The fields radiating from an electric power line have two components:
an electric field which is easily stopped by even small shielding such as house walls (some people with a steel roof can earth their roof to provide protection in most but not all cases), and secondly,
a magnetic field which cannot be shielded in any way shape or form, not even by solid lead. Magnetic fields, at best, can only be focussed into a smaller more intense area (the exact principle used in a transformer's iron core).
Thus undergrounding the cables would reduce the electrical component of the fields (as well as any ionisation which might be occurring in air), but not affect the magnetic field component. The only protection against this is distance. Magnetic field strength reduces according to the square of the distance from it. For example, the field strength at 2 metres is 4 times less than at 1 metre, the field strength at 10 metres is 100 times less than at 1 metre, etc.
The problem is that overhead pylon power lines carry enormous voltages (typical lines in New Zealand are 200,000 volts with the biggest lines at 500,000 volts), and thus have very strong fields associated with them. Even at distances of 20-30 metres (the average height of these pylons), the fields are still quite significant as far as the human body is concerned. Distances of 100-200 metres (and possibly more) are more appropriate for this size of field to be reduced down to safe levels.

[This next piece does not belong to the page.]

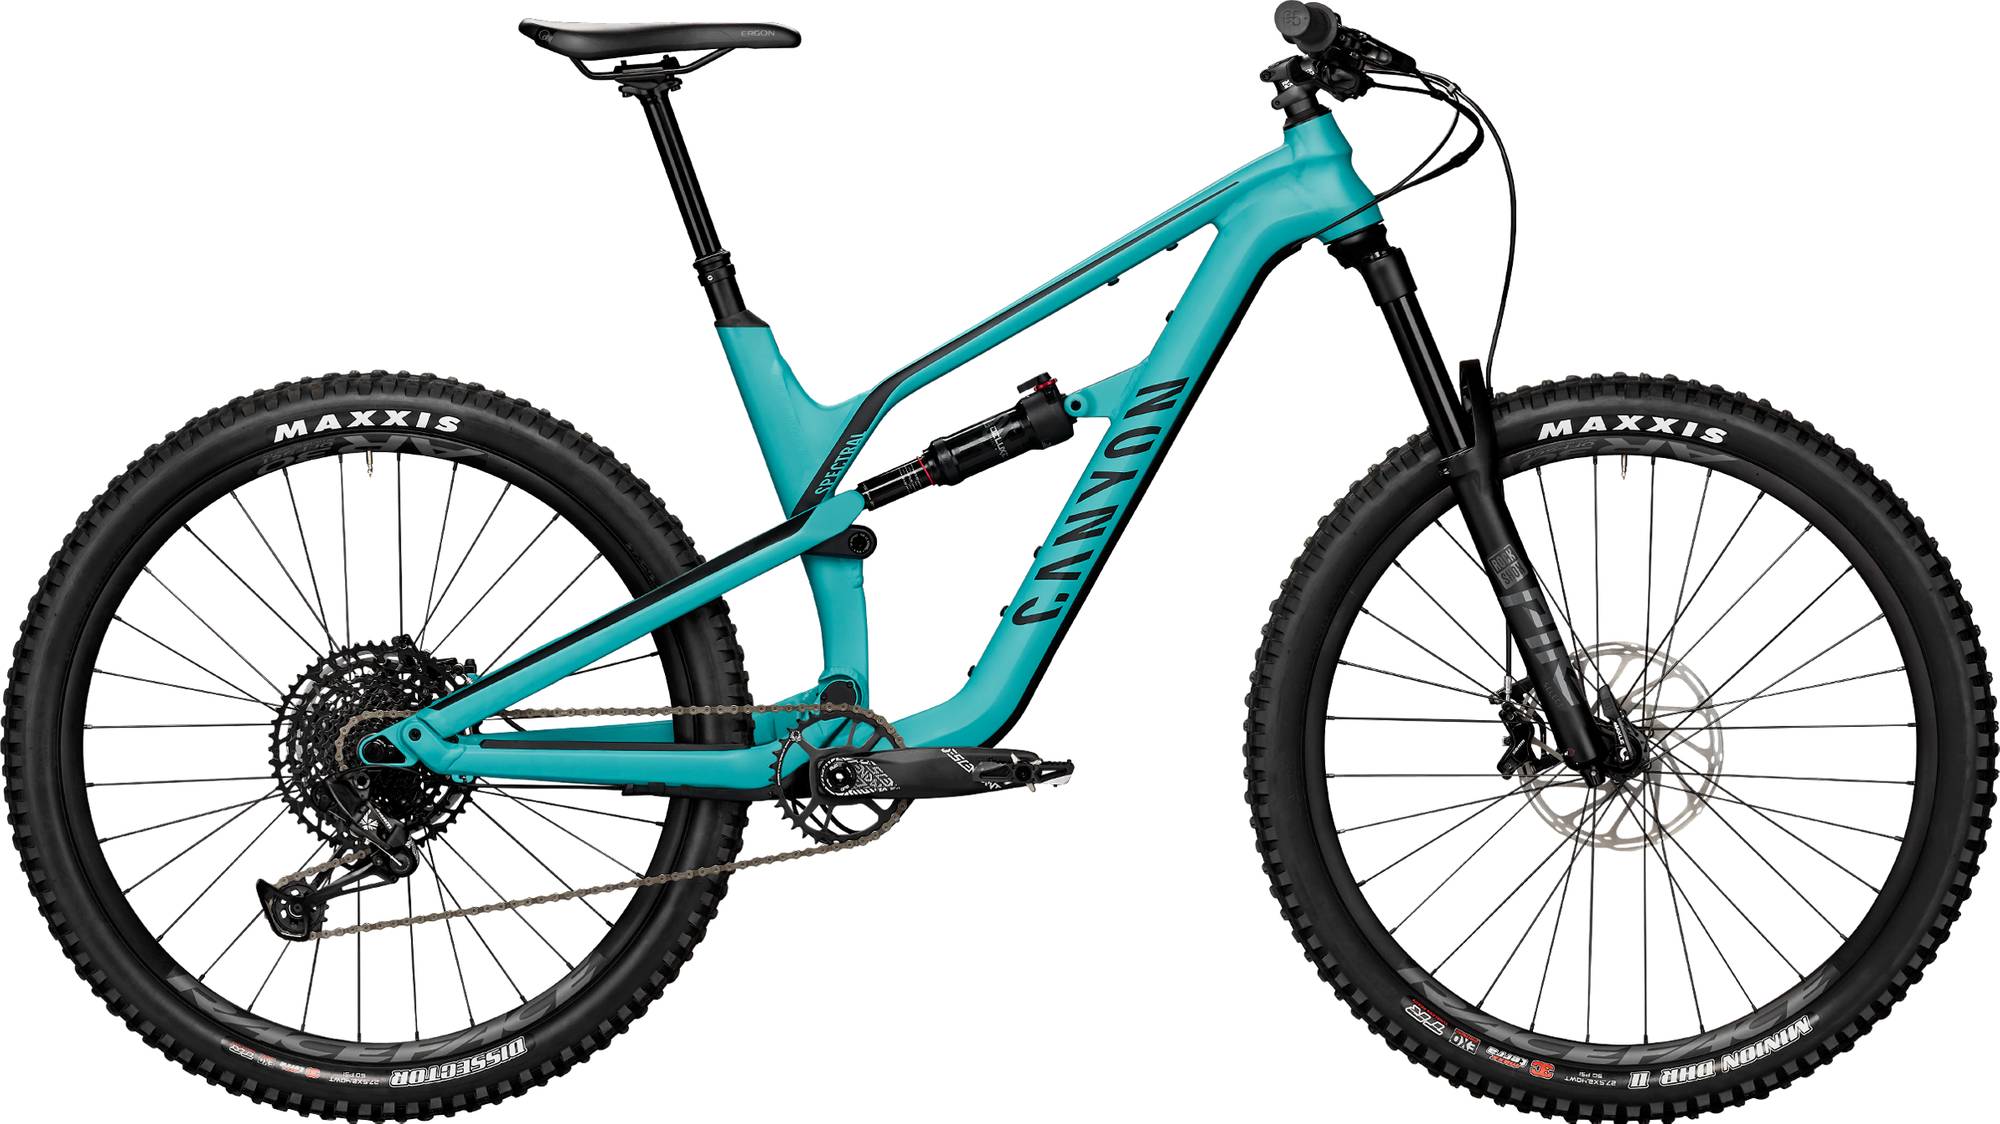 Canyon Spectral 5 2021 | BikeWise

Any undergrounding project is not likely to place the cables more than a few metres below the surface, thus putting them closer to people, if anything. Thus, if mass distribution of power is to be continued, it can only work by zoning those areas as non-residential, or more accurately, non-inhabitable by either man or beast (since animals are every bit as susceptible to problems as humans). There are well documented cases of cows not producing milk or producing calves with birth defects in pastures where pylons run.
This is partly due to the electromagnetic fields, but also due to a common phenomenon where the ground itself becomes electrified by leakage currents from the pylons. Any such electrification of the ground results in an electrical current heading back towards its ultimate source, the power station, so that electrical balance can be achieved. It is not uncommon for there to be voltage differences of 100 volts over just a few metres of ground in some areas where this leakage occurs.
What is the real solution? Allow the various suppressed free-energy technologies to be be released. The idea of any government, corporate, or privately owned institution (which all amount to the same thing in most cases) owning the rights to exploit so-called natural resources (the very name "resource" defines it as something to be used up) and then setting up mass distribution of this power, selling it through various middlemen, destroying the health of all and sundry (as well as the environment) in the process is quite horrendous, when the reality is that there are a number of devices known to extract energy directly from the sea of energy we live in without any need for mass reticulated distribution.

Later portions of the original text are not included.